冒頭の私のツイートは現時点で約30万人が閲覧したことになってますので、単純比で2.25万人の「同じ空の下のTwitterユーザ」が私の写真を見たことになります(正確に言うと30万PVですが)。日頃から地域性の高いツイートをしてる場合はフォロワーの居住地が極端に偏ったりしますが、私は特定の地域や組織のことをあまり書かないので余計な調整をする必要もないでしょう。

奇跡が奇跡である理由

さて。同じ空の下にいた約900万人のうち、Twitterアカウントを持っている人が約300万人。そのうち私のツイートを見たのが2.25万人らしいことがわかりました。

そしてこの2.25万人のうち、たまたま私と同じ雲を撮影し、さらに同一の空だと気づいた人のうち、わざわざ報告して下さった方が少なくとも3人いました。…というより、3人「も」いたわけです。皆さんの様子を見る限り、それぞれ接点があるわけでもないのがまたすごい。

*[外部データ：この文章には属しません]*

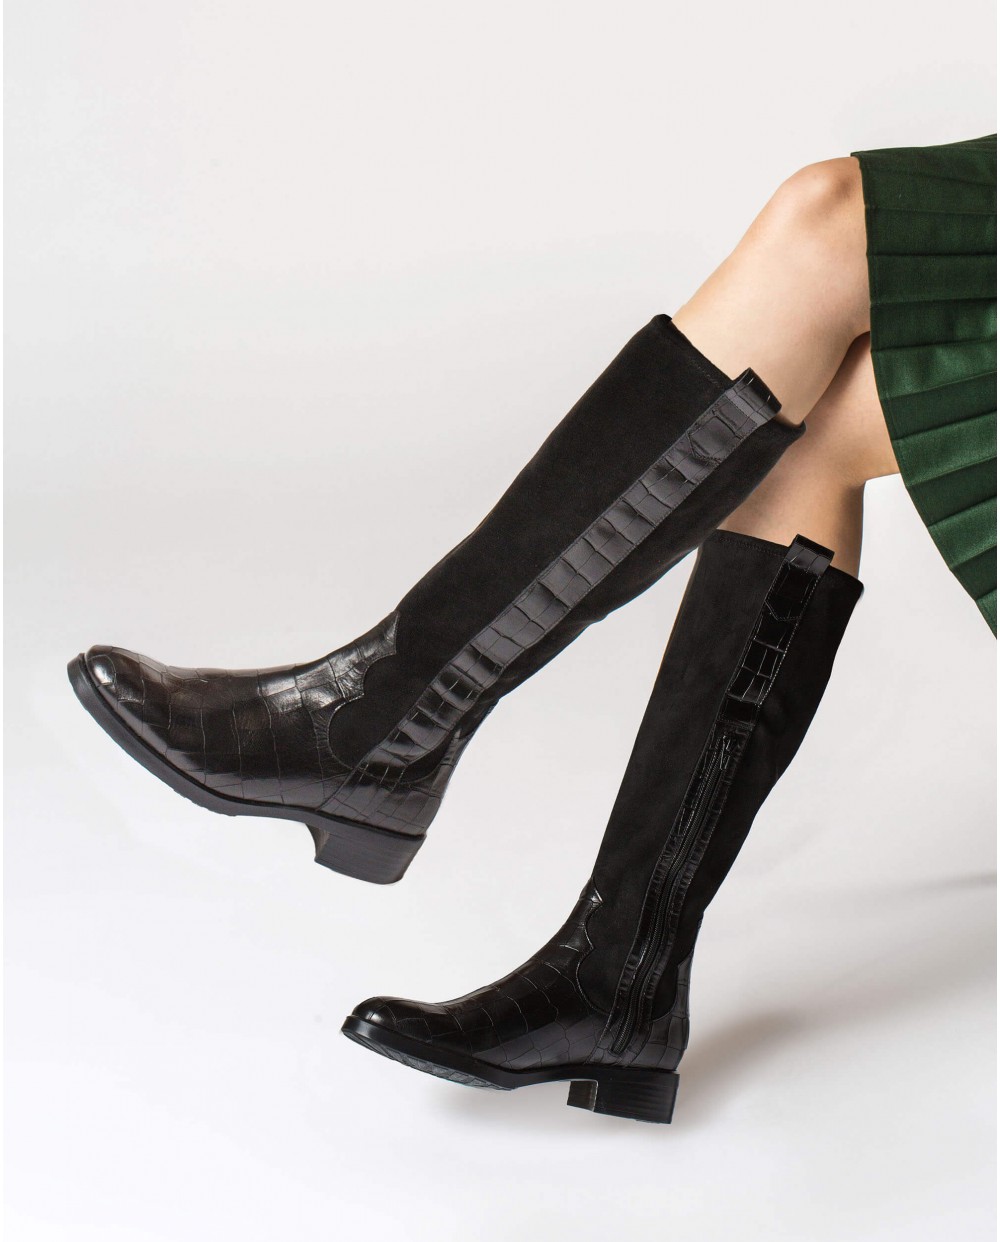 Wonders-Boots-Flat elastic boot

…ということは、当該地域の全Twitterユーザが私のツイートを見た場合、同様の報告が400件ほど上がってくる可能性が出てきましたよね。

これをTwitterやってない人にまで拡張した場合は同じ比率にならない気もしますが(SNSやってる人のほうが気軽に写真を撮る傾向にあるため)、それでも全体で似たような人が1000人規模でいる計算になります。

UFOも豚も飛んでない、ただの夕日の写真ですよ?それを気に留めてわざわざ写真撮った上に、映りこんでる雲の形に見覚えある人が1000人以上いるかもしれないわけです。

すごいですよね。当初3人からご報告いただいたのも驚きましたが、私はそっちの皮算用にびっくりしました。

時々空の写真を撮ってると「暇なことやってる」みたいな目で見られるんですけど、何気ない空を切り取る人って結構いるものなんですね。ちょっと嬉しかったのでご報告した次第です。(・∀・)/

みんな空の下 / 絢香

【 更新履歴 】

2018/10/06 初稿発表
2018/10/11 空の広さに関する途中式を見直しました。結論に影響はありません。